INFS Health Series: Nutrition for adolescents Part 3: Parental influence on factors affecting eating behavior in adolescents


Author:
Aditya Mahajan
Assessment Division,
Institute of Nutrition and Fitness Sciences (INFS)

Key points:
• Understanding adolescent’s eating behavior and habits is important in terms of their health. Nutrition during adolescence has a direct impact on their health at later stages of life.
• The food choices are influenced by environmental, behavioral and cognitive factors. Bandura’s Social Cognitive theory indicates that all these factors are actually interlinked.
• Child’s eating behavior is strongly influenced by family environment.
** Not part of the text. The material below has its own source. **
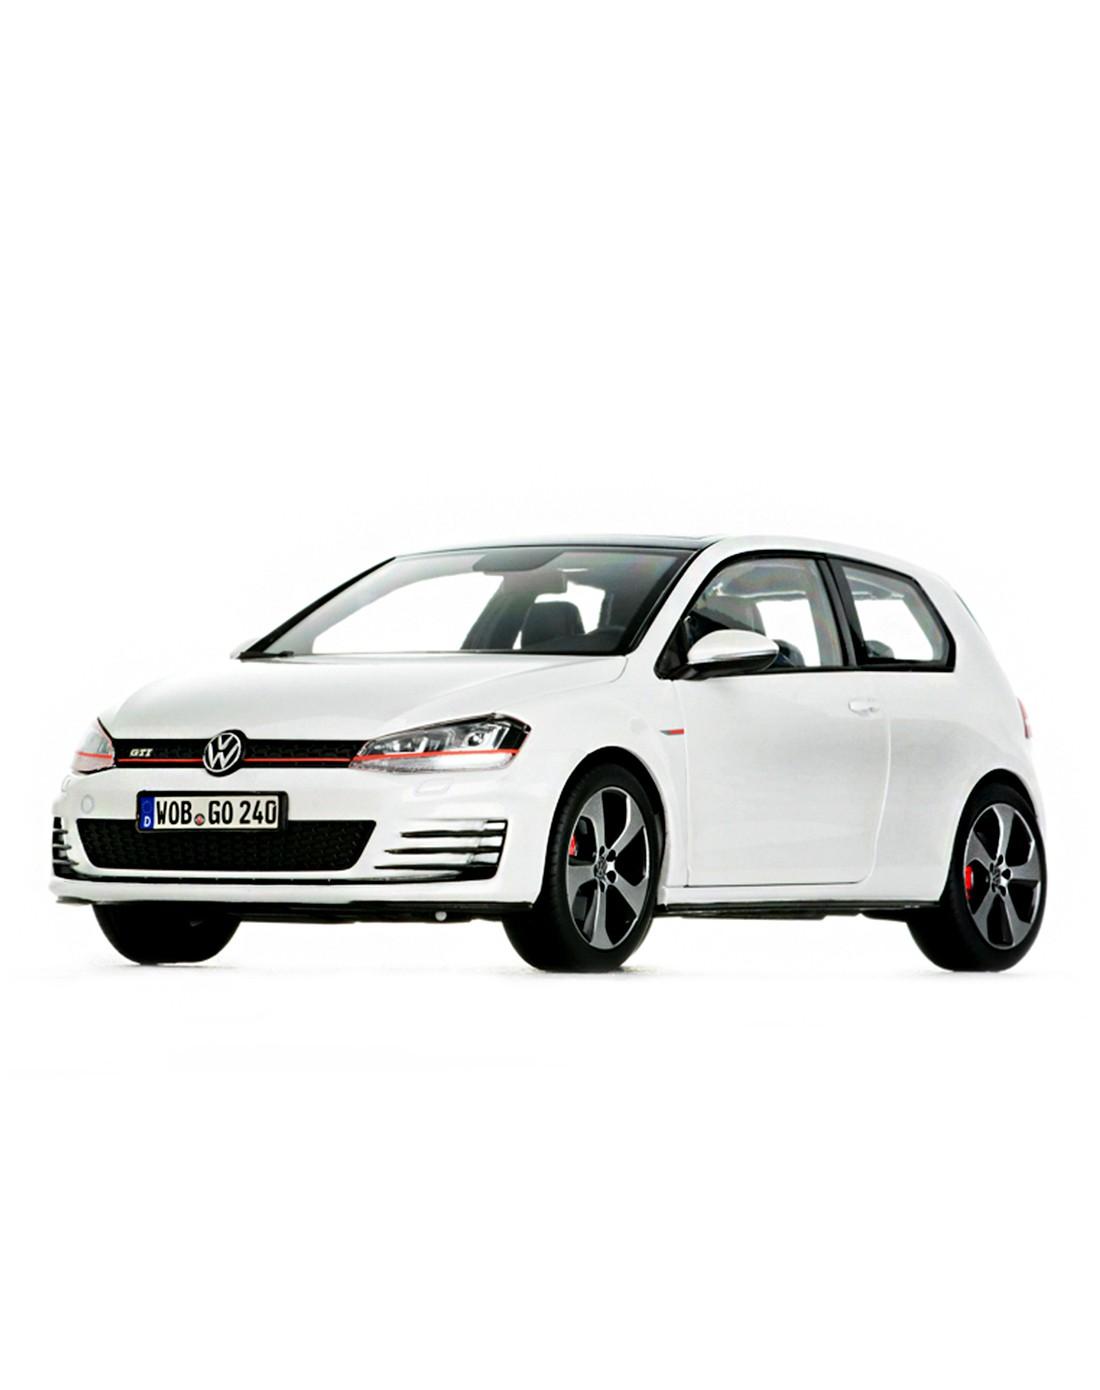 德国大众汽车vw用品专场大众汽车golf-gti 高尔夫白色

• Parents who are concerned about the child’s dietary intake may attempt to restrict the certain food items and/or pressurize them to consume healthy food items. Both the techniques are incapable of inducing any positive behavior change.
• Efforts must be directed toward enabling the adolescents to make their independent food choices. Parents must provide positive role modeling with their eating behaviors.
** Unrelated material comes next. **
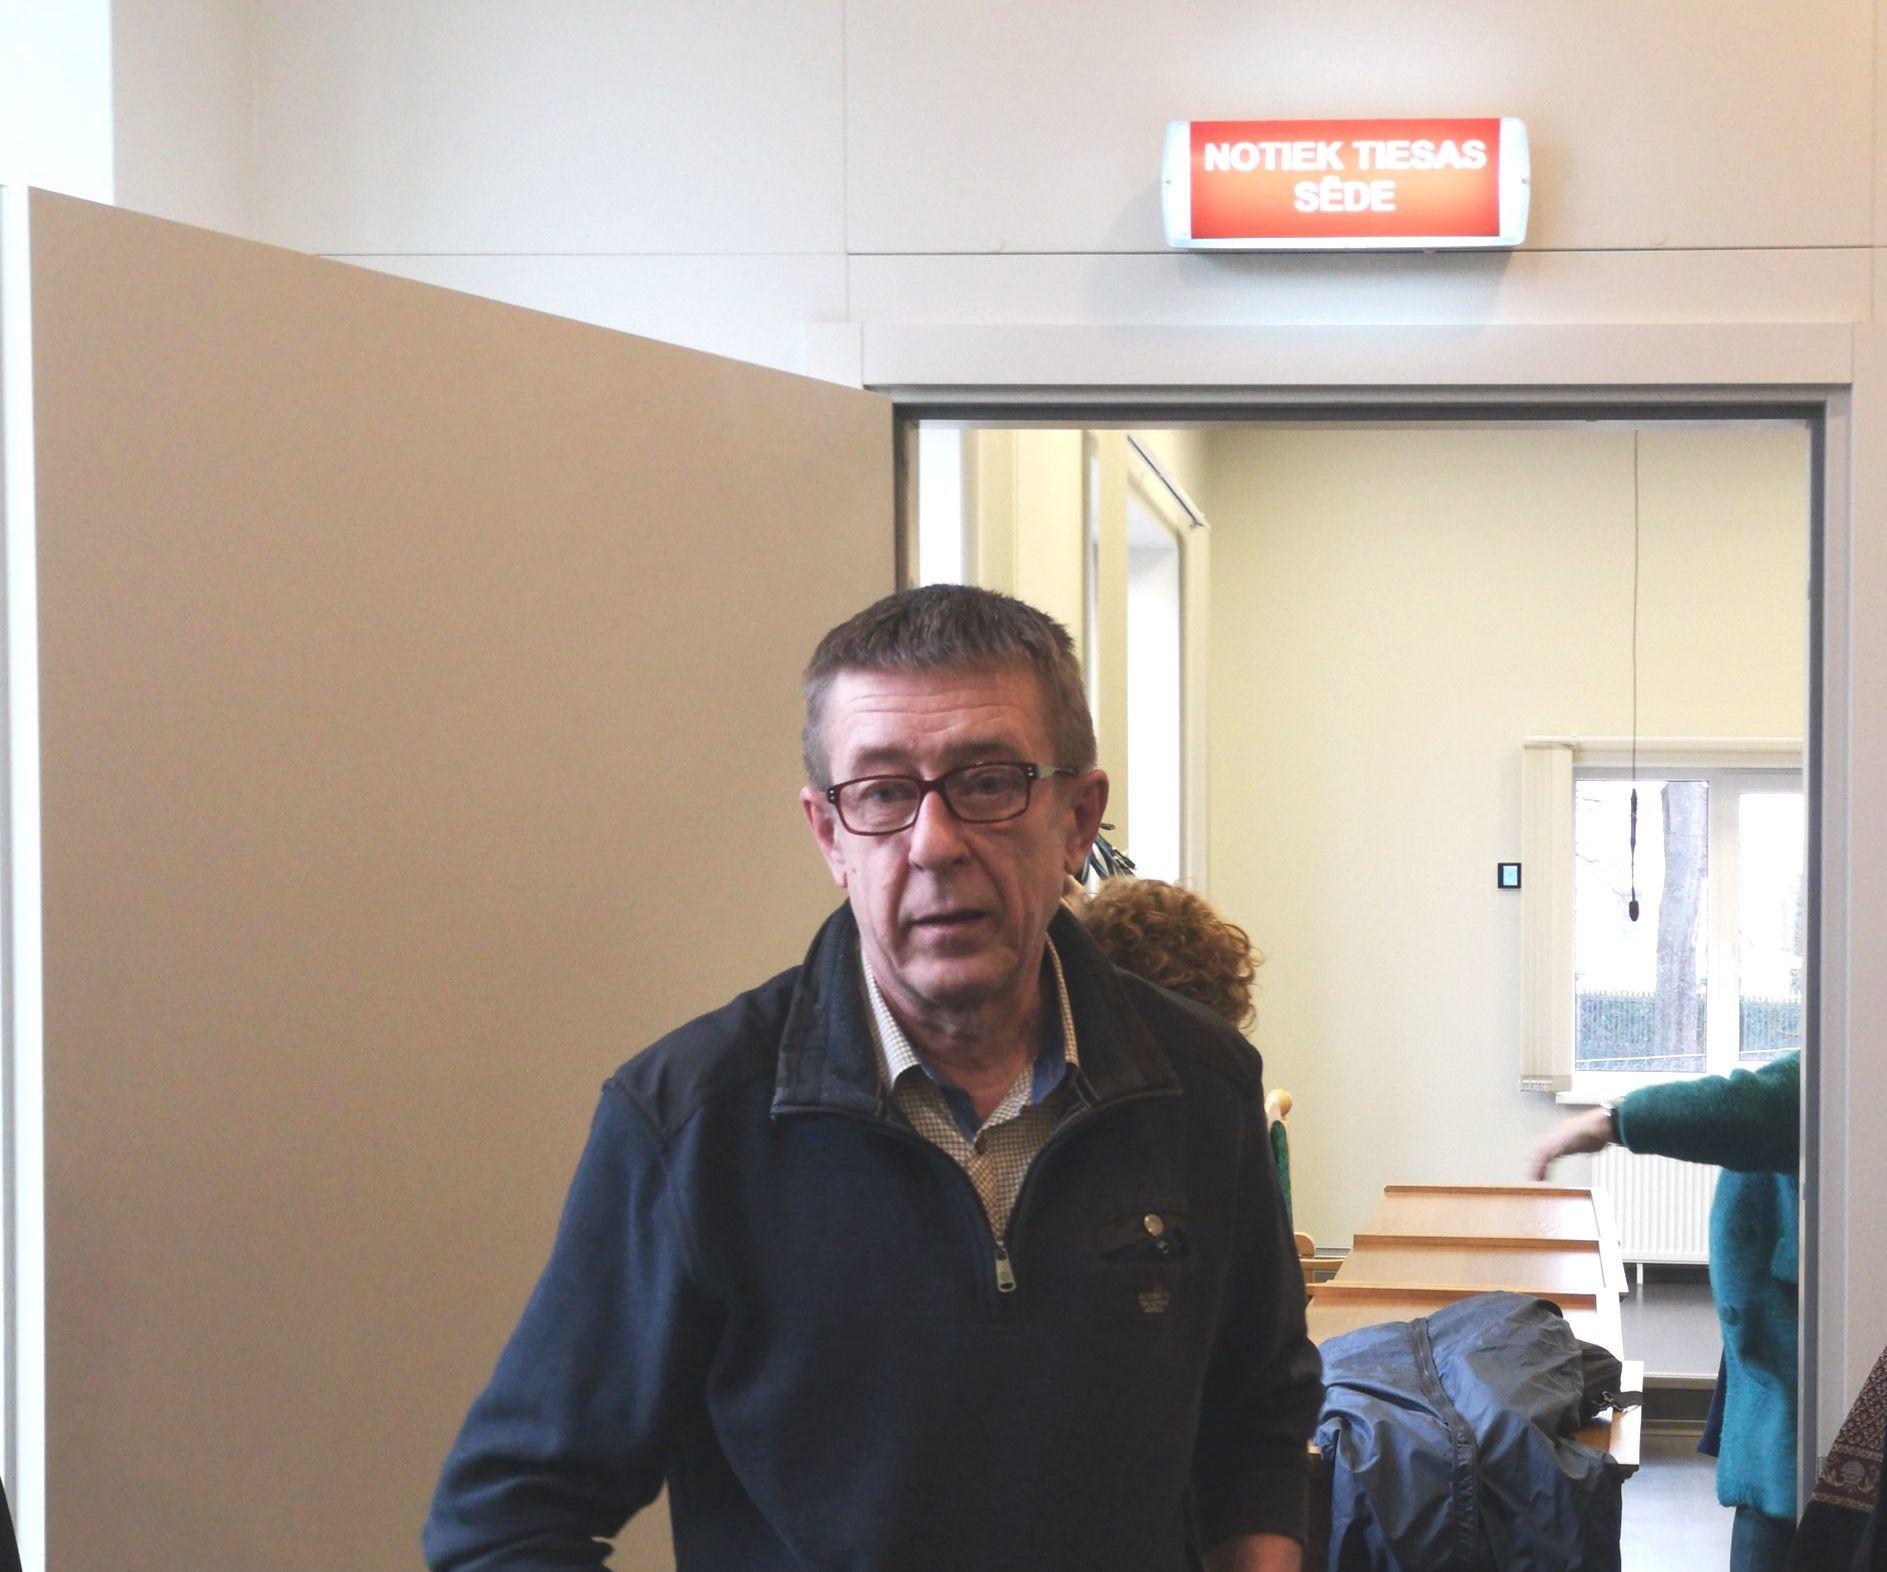 Журналист Юрий Алексеев выходит из зала заседаний суда, 25 февраля 2020

Keywords: Adolescent, eating, behavior, diet, parentq

Introduction:
Eating habits established in the adolescent stage is what carried to the adulthood with a direct consequence on the long-term health. Thus, children’s learning and their dietary habits play a significant role in subsequent food choices, diet quality, and overall health status.
Parents play an influential role in guiding and directing food selection in kids and are, therefore, a major contributing factor in the development of childhood obesity. In the light of that, we examined how parents can create an environment for their children which may foster the development of positive eating behaviors in them.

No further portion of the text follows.